Task description:
Let your answer be the line containing "권진아 - 운이 좋았지 플룻&피아노 악보" and every line below it to the end of the records, copied exactly.

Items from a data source
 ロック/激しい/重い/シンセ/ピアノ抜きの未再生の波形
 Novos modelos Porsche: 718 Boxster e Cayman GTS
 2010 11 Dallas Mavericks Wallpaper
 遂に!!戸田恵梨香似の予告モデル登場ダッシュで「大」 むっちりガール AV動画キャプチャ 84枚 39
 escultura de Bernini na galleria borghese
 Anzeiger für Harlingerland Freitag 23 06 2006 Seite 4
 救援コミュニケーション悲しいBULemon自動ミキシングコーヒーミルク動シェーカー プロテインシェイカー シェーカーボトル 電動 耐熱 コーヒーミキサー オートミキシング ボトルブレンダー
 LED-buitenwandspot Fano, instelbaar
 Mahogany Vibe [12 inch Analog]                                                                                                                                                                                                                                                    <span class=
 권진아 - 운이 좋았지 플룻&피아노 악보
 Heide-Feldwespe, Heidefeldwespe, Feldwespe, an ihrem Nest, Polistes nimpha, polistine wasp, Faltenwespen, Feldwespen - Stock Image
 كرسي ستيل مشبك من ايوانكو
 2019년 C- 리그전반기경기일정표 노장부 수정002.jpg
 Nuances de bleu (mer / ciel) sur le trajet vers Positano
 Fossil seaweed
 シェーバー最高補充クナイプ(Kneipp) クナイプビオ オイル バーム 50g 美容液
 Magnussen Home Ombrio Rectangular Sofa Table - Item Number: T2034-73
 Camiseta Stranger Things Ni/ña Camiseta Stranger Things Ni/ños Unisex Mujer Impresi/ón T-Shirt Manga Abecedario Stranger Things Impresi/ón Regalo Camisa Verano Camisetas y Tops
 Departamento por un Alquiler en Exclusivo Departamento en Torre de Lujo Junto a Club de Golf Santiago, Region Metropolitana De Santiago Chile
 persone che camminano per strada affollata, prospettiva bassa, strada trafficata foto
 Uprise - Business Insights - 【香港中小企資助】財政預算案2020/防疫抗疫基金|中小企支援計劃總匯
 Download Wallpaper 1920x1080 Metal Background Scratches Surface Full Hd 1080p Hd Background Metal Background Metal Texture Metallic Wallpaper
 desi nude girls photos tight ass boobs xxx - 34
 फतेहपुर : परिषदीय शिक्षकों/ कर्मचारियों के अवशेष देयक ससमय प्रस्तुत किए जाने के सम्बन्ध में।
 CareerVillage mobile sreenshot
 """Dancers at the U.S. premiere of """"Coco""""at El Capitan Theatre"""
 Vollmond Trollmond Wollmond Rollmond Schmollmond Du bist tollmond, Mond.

Written reply:
 권진아 - 운이 좋았지 플룻&피아노 악보
 Heide-Feldwespe, Heidefeldwespe, Feldwespe, an ihrem Nest, Polistes nimpha, polistine wasp, Faltenwespen, Feldwespen - Stock Image
 كرسي ستيل مشبك من ايوانكو
 2019년 C- 리그전반기경기일정표 노장부 수정002.jpg
 Nuances de bleu (mer / ciel) sur le trajet vers Positano
 Fossil seaweed
 シェーバー最高補充クナイプ(Kneipp) クナイプビオ オイル バーム 50g 美容液
 Magnussen Home Ombrio Rectangular Sofa Table - Item Number: T2034-73
 Camiseta Stranger Things Ni/ña Camiseta Stranger Things Ni/ños Unisex Mujer Impresi/ón T-Shirt Manga Abecedario Stranger Things Impresi/ón Regalo Camisa Verano Camisetas y Tops
 Departamento por un Alquiler en Exclusivo Departamento en Torre de Lujo Junto a Club de Golf Santiago, Region Metropolitana De Santiago Chile
 persone che camminano per strada affollata, prospettiva bassa, strada trafficata foto
 Uprise - Business Insights - 【香港中小企資助】財政預算案2020/防疫抗疫基金|中小企支援計劃總匯
 Download Wallpaper 1920x1080 Metal Background Scratches Surface Full Hd 1080p Hd Background Metal Background Metal Texture Metallic Wallpaper
 desi nude girls photos tight ass boobs xxx - 34
 फतेहपुर : परिषदीय शिक्षकों/ कर्मचारियों के अवशेष देयक ससमय प्रस्तुत किए जाने के सम्बन्ध में।
 CareerVillage mobile sreenshot
 """Dancers at the U.S. premiere of """"Coco""""at El Capitan Theatre"""
 Vollmond Trollmond Wollmond Rollmond Schmollmond Du bist tollmond, Mond.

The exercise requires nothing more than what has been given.